It also includes youths who have a primary nighttime residence that is a public or private place not designed for, or ordinarily used as, a regular sleeping accommodation, or youths living in cars, parks, public spaces, abandoned buildings, substandard housing, bus stations or similar settings.

But the good news is these students don't appear to be neglected by their districts or communities.

The districts surveyed indicated they had internal programs to help, and most said their communities have a number of organizations that can provide assistance and allow individuals to help.

ThisWeek has selected four communities and their organizations to highlight some of these local efforts.

Gahanna's community resources abound

Gahanna has several community organizations that help support homeless students in the Gahanna-Jefferson Public School District.

Judy Hengstebeck, communications coordinator for Gahanna-Jefferson, said one of them is the Gahanna-Jefferson Education Foundation, which provides a list of resources for parents and staff to help all children in need.

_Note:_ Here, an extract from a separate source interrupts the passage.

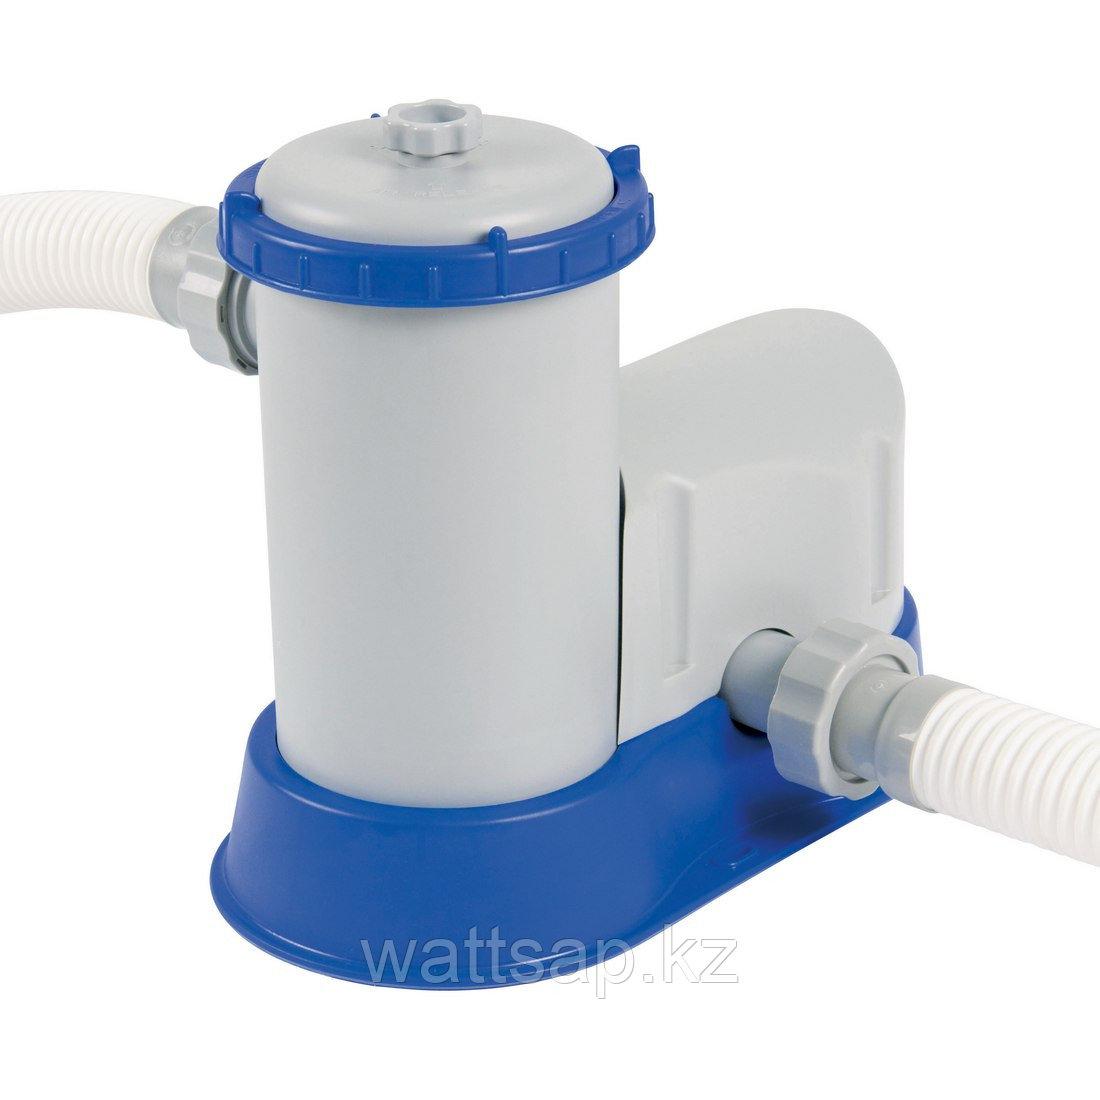 Фильтрующий насос для бассейна, BESTWAY, 58122, 5.678 литров/час, 1100-36300 литров, Два набора переходников 32 мм, Пластик, Серо-синий, Цветная

President Sharon Tomko said the foundation also helps students who don't have stable homes through the Harvey Mast Care for Kids Fund and the Mechwart-Butts Scholarship.

The special fund helps students with personal needs, Tomko said.

"A staff person, typically a teacher or counselor, will reach out to us regarding a student with personal needs like coats, clothing and shoes," she said. "We are able to give the teacher/counselor a gift card to purchase the needed items.

"We have also helped homeless students who reside in shelters and homes outside of Gahanna by purchasing a bus pass so they are able to get to school and work."

The scholarship is for students who are in foster care or those who come from fragile family backgrounds, Tomko said.